Mice without father live longer and other genetic news


Various genetic news have called my attention today.


From the latest
PLoS ONE:

Bad prospects for genetic-association medicine.

Yudi Pawitan et al. throw cold water to the hopes of getting simple Mendelian gene-disease associations and even discovering them at all:

Assuming similar allele frequencies and effect sizes of the currently validated SNPs, complex phenotypes such as type-2 diabetes would need approximately 800 variants to explain its 40% heritability. Much smaller numbers of variants are needed if we assume rare-variants but higher penetrance models. We estimate that up to 50,000 cases and an equal number of controls are needed to discover 800 common low-penetrant variants among the top 5000 SNPs. Under common and rare low-penetrance models, the very large studies required to discover the numerous variants are probably at the limit of practical feasibility.

Eigenvectors versus Principal Components.

Jun Zhang et al. argue that Laplacian eigenvector analysis and their LAPSTRUCT method provides better analysis of population structure than the "classical" but somewhat limited Principal Components Analysis (PCA).


From Human Reproduction:

Two mothers, no father mice live even longer.

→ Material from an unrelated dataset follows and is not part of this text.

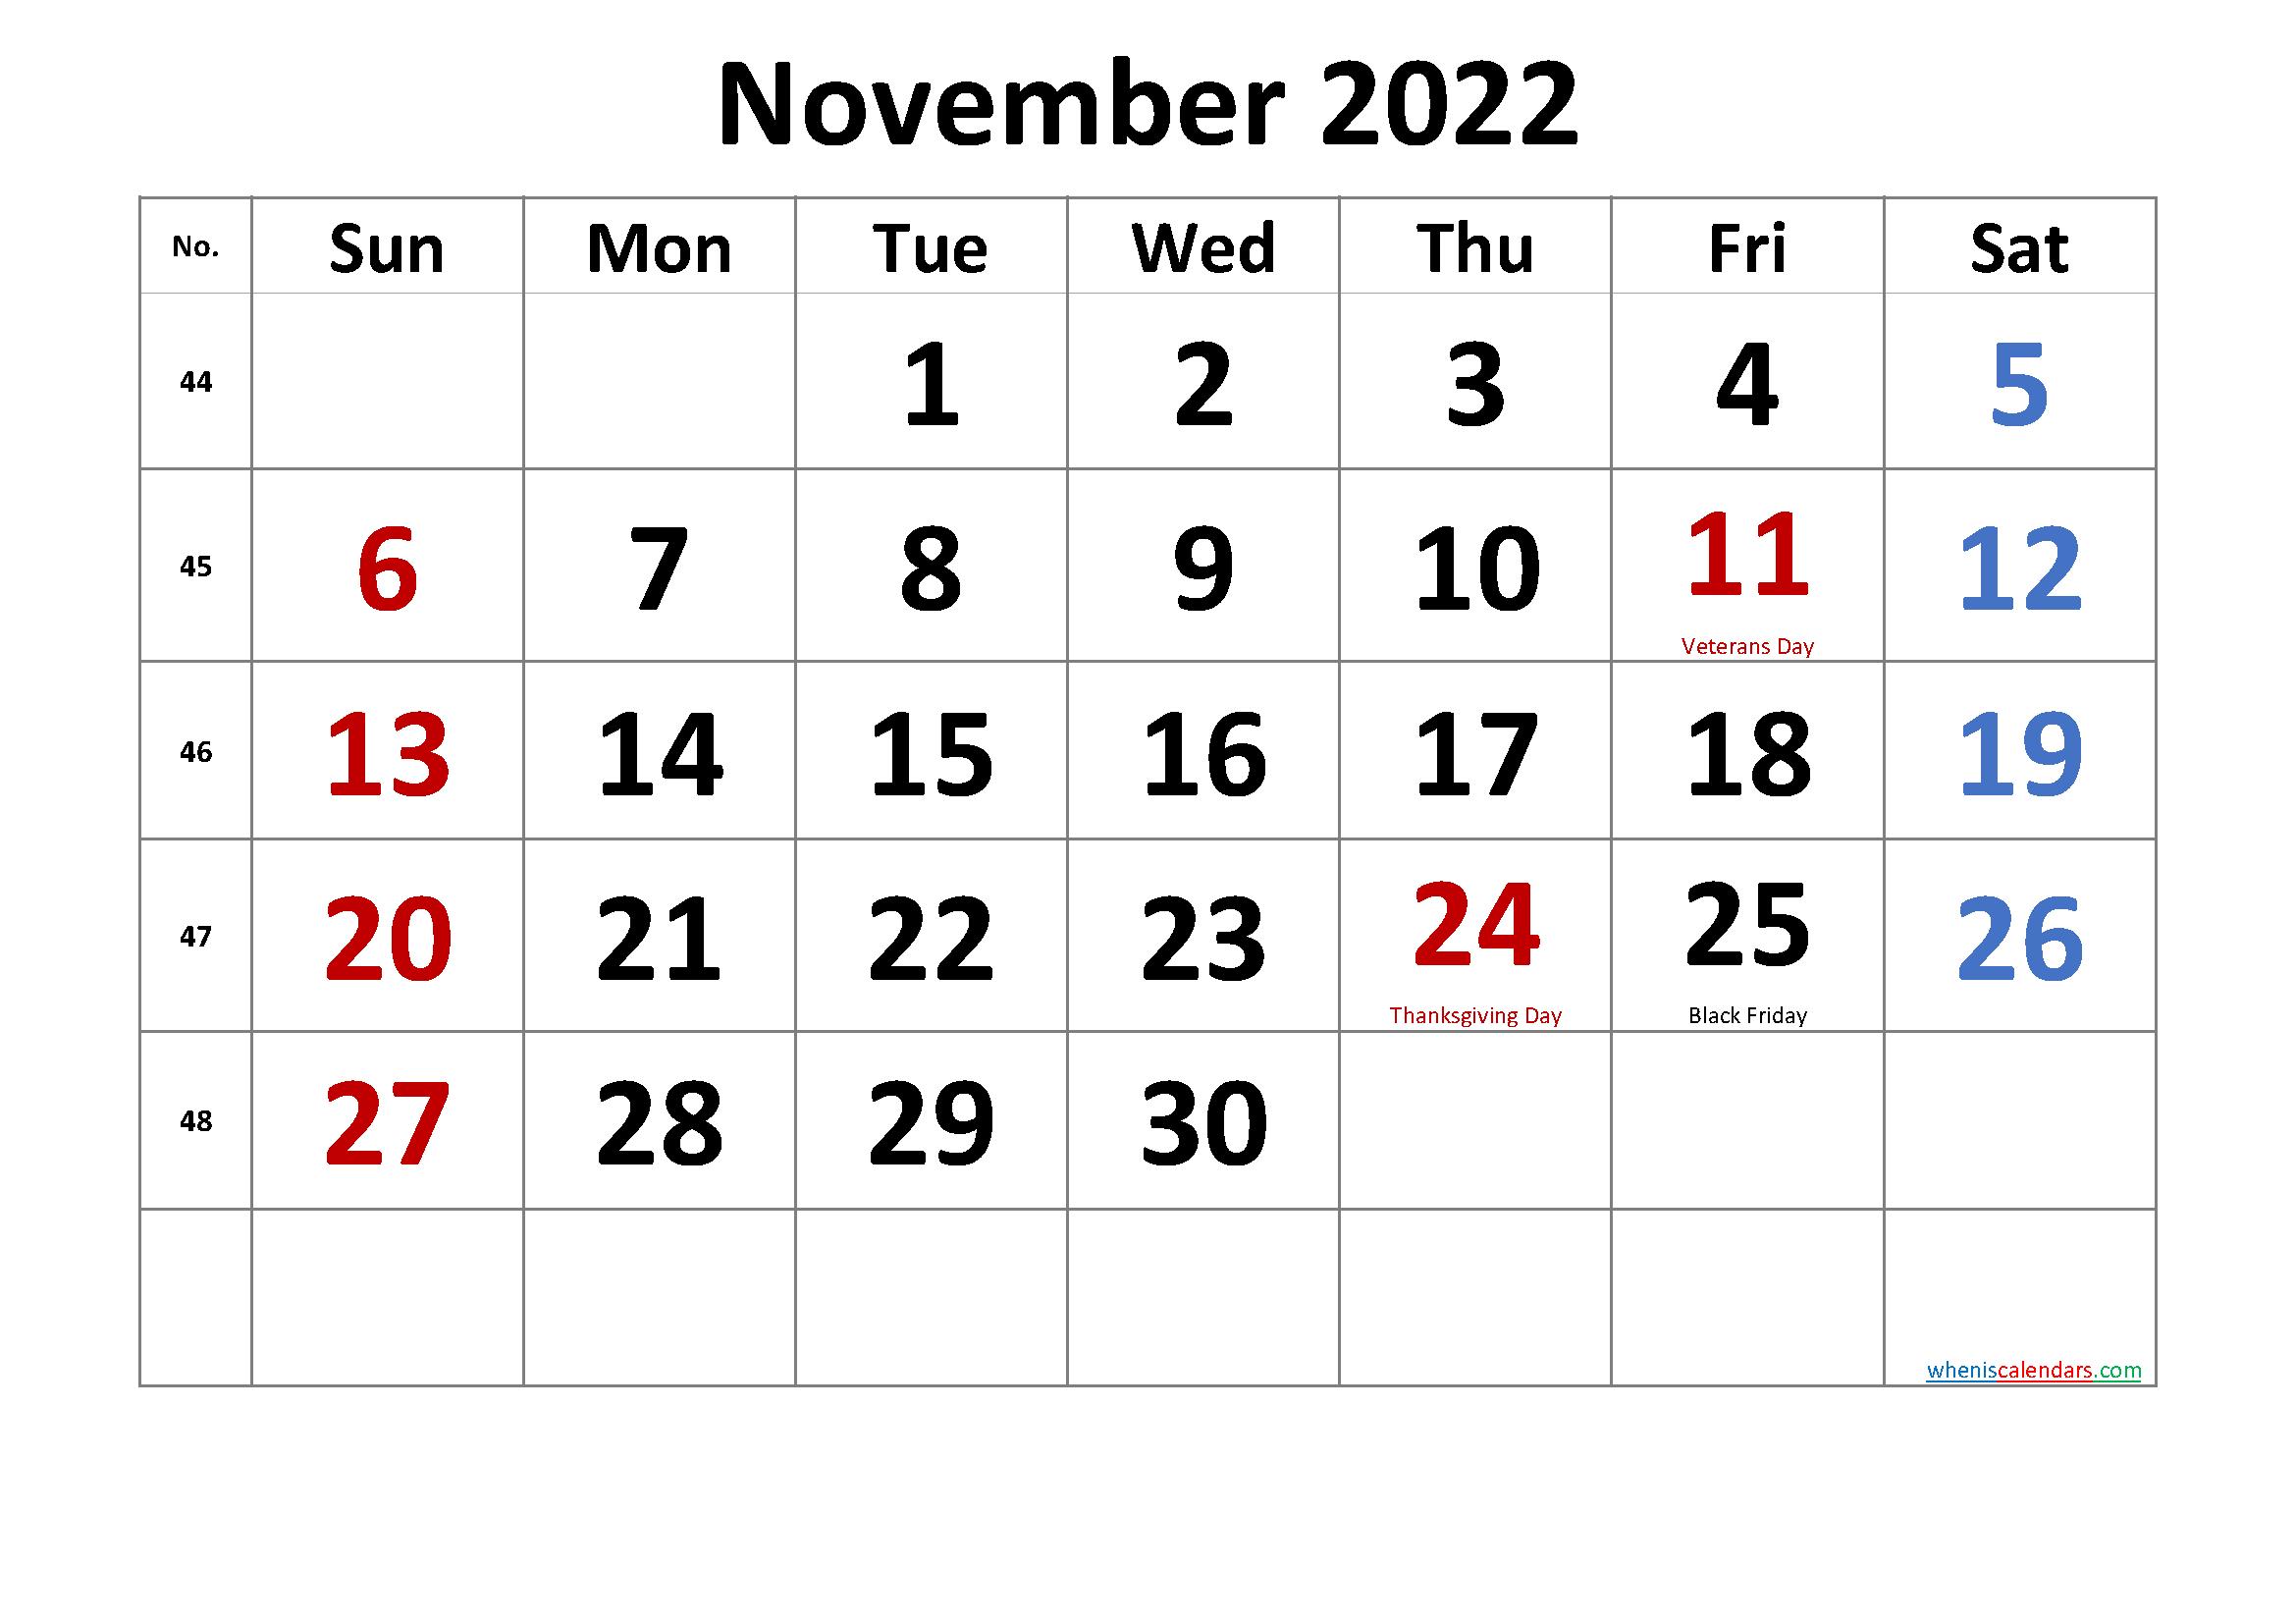 Printable November 2022 Calendar.Free Printable November 2022 Calendar Pdf And Png In 2020 Calendar Printables Calendar Word November Calendar

M. Kawahara and T. Kono found that two-mother (2M) mice live some 20% longer on average than normal mice, having smaller and more slender bodies and much better antioxidative processes. They argue that this may be caused by a gene at chromosome 9, which is generally activated at pregnancy to act by the father side, but in this case, without father, the epigenetics is activated differently resulting in these sturdier and smaller mice (all female, of course).

This story (found originally at Science Daily) made me recall the radical feminist S.C.U.M. Manifesto by the late Valerie Solanas and her defense of a female-only humankind. The technology for in vitro female-female reproduction is available (and has been for long) but illegal in humans for obvious ideological reasons (patriarchy, homophobia). On light of these results and the widespread desire for longer and healthier lives, one wonders if Ms. Solanas was not more correct than even she herself believed.

All three papers are freely available (links in text).